423387_web_R_B_by_Irene Lehmann_pixelio.deIn einer Agenturmeldung wird berichtet, daß Redaktionen sogenannter Boulevard-„Zeitungen“ den Eingang einer Geldentschädigungsklage bestätigt hätten. Die Straßenjungs reklamieren hämisch die Klageerhebung nur zwei Tage, bevor wesentliche Teile des Anspruchs verjährt wären und mehr als zweieinhalb Jahre nach dem Gegenstand der Berichterstattung, wegen der sie den Schadensersatz leisten sollen.

Ich kenne mich zwar mit diesem Zivilrecht nicht so genau aus. Aber dort wie im Strafrecht gilt derselbe Grundsatz: Fristen sind dafür da, daß sie (aus-)genutzt werden.
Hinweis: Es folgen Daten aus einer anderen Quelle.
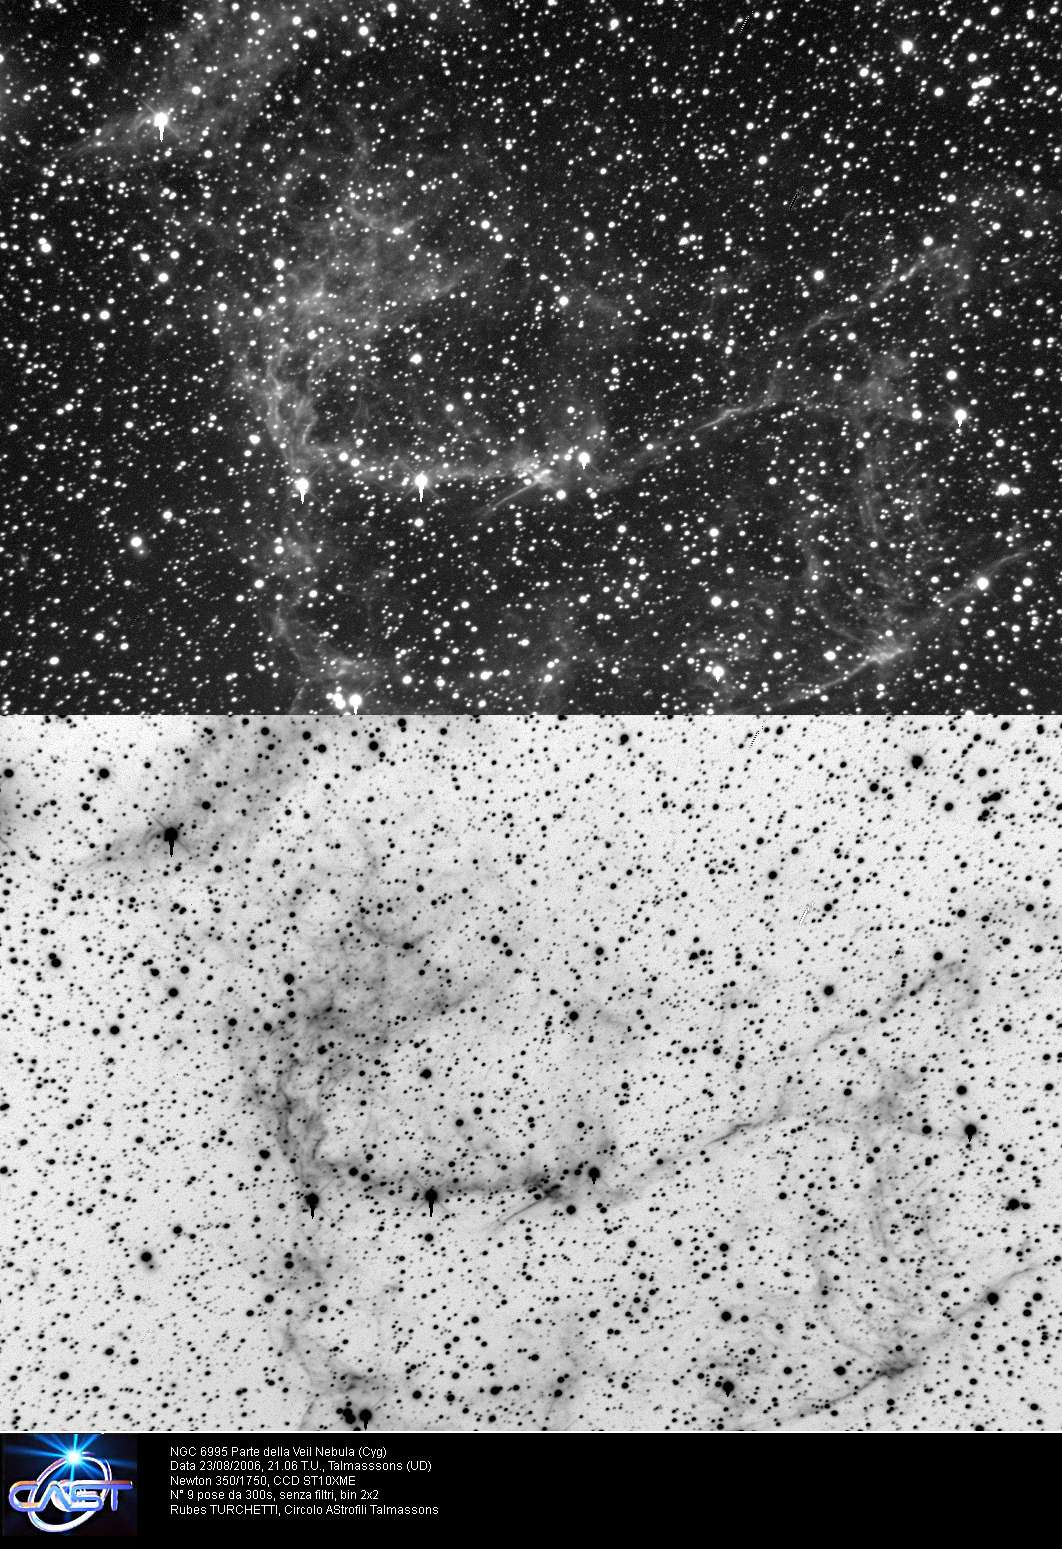 Velo nebula-NGC 6995: 288 KB; click on the image to enlarge

Und daß der Kläger in diesem Fall die Verjährungsfrist dazu genutzt hat, um eine Menge Punkte (meint: reichlich rechtskräftige Entscheidungen zu Persönlichkeits-Rechtsverletzungen) zu sammeln, die er dann bei der Journaille gegen Bares eintauschen wird, davon bin ich überzeugt.

Alte Züchter sehen der Entwicklung auch mit Gelassenheit entgegen: Am Ende werden die Schweine fett.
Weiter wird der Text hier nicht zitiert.